I also invested in a coach and joined a mastermind group, both of which have helped me push myself that extra bit to get out there and be seen!
July brings around the end of the mastermind group, and our final activity will be a free summit where each of us will showcase our knowledge and services through some form of workshop.
I will be doing that in lieu of my talks, and my focus will be on processing medical trauma so you can see the doctors you need to!
I’ll be sharing out the details as I determine/learn them, but I’m really excited about the event and looking forward to sharing it with you!
Training you to better manage your healthcare or social security experiences
So what is my business? What coaching services do I offer and why should you be interested in them?
I recognize that many of the systems that we need to survive are fundamentally broken and unfair. We still need to use them.
I view it as my job as a coach to help you differentiate between the broken system and your own challenges.
I believe that by recognizing the brokenness and separating that from your self-image, I can then help you gain the confidence to understand the rules and succeed in your goals.
All too often, we accept the societal message that our disabilities or lack of income are a moral failing, and the shame that is heaped upon utilizing the social welfare system.
The social safety net has many holes in it, and it’s a byzantine maze to get through.
My job is to help you understand the rules and how to work within them, despite their arbitrary and unfair nature so that you can get the support you need for as long as you need it.
I also provide coaching services to help you manage your struggles with the healthcare system.
I offer a focused six-month program where we go over your current situation and challenges and I help you find the right doctors, get the care you need, and advocate for yourself as necessary.
My goal with that program is that by the end you have set up the best possible care network for yourself, seeing the doctors you need to, and having the tools to ensure that that continues to be the case.
Carving out ‘me’ time
I’ve noticed the past month or two that I’ve been slower and sloppier to do some of my self-care routines.
I’ve been playing games on my phone when I’d normally be working, and I’m generally feeling a bit disconnected from the world.
Usually, I spend time with my family in the summer, but last summer that just really wasn’t an option.
I’m feeling a bit burned out and emotionally tired.
I’ve been on high alert for quite a while, and extra symptomatic as a result.
I’ve decided that this year, I’m going to take July and August off from blogging.

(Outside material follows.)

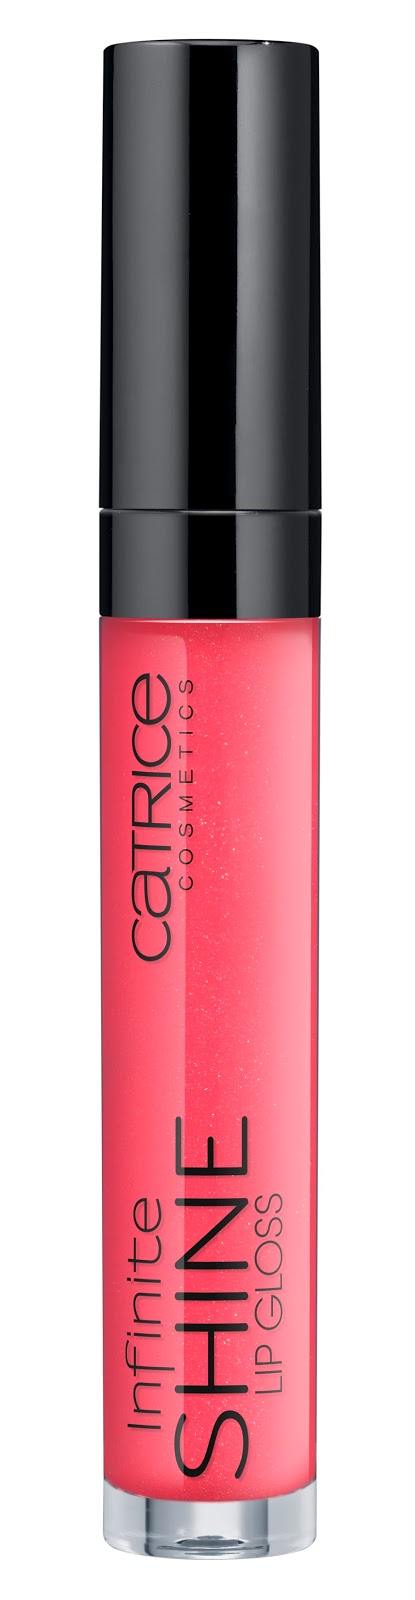 Catrice - Infinite Shine Lip Gloss
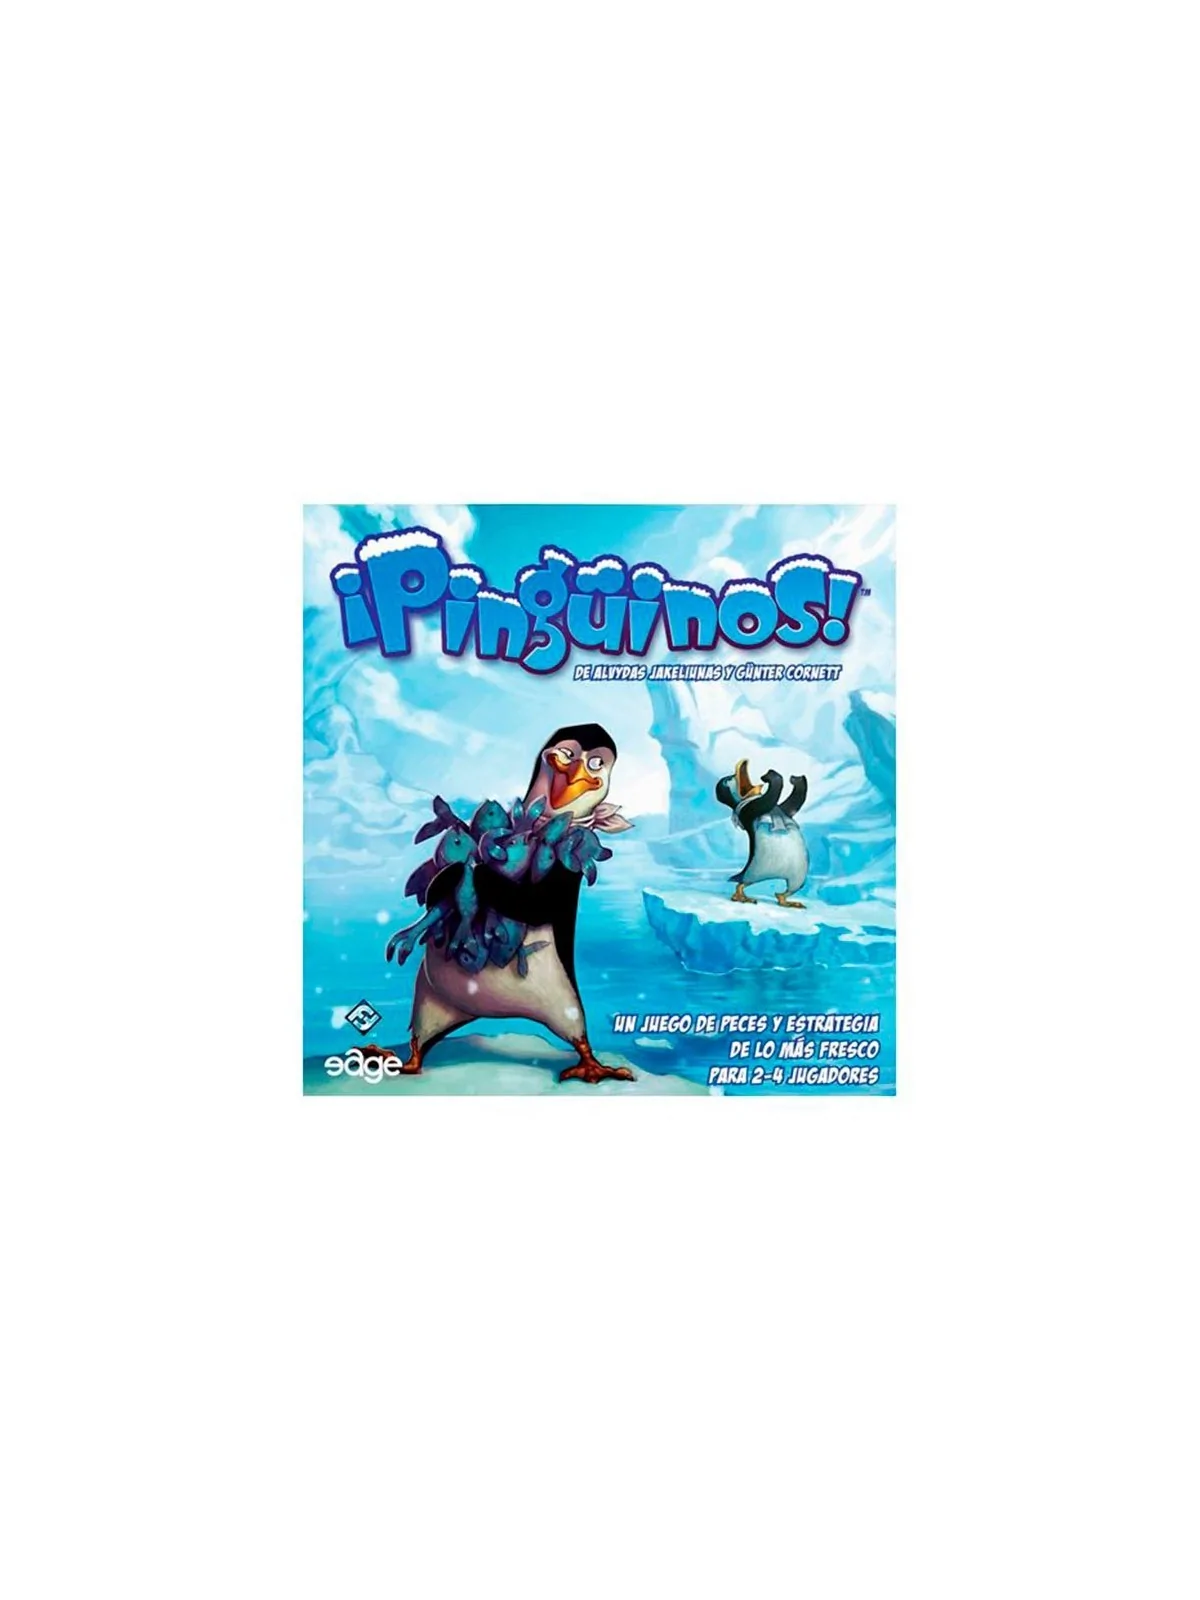 Comprar ¡Pingüinos! barato al mejor precio 13,49 € de Fantasy Flight G

I’ll be doing my best to frontload posts(some guest posts, some my own) so you’ll continue to have new things to read, but I’m trying to give myself a couple of months where I don’t need to be constantly coming up with something to write or otherwise trying to funnel my creativity into the business.
I’m still open to working with new clients on the days I’m not out and about.
My sister, mother and I are planning on doing beach days with my nieces and nephews a couple of days a week July through mid-August.
I have friends in NYC that may come down to visit and have beach days on Sandy Hook.
This month, I’m participating in Pride events and seeing friends in person again.
I’m really looking forward to recharging through in-person social connections, time with friends and family, and relief from the pressure of constantly coming up with something slightly different to write about.
I’m hoping that by taking this break, I’ll come back in September feeling refreshed and energized, ready to jump back in.
I’ve really enjoyed the blogging and am excited about the services I’m offering.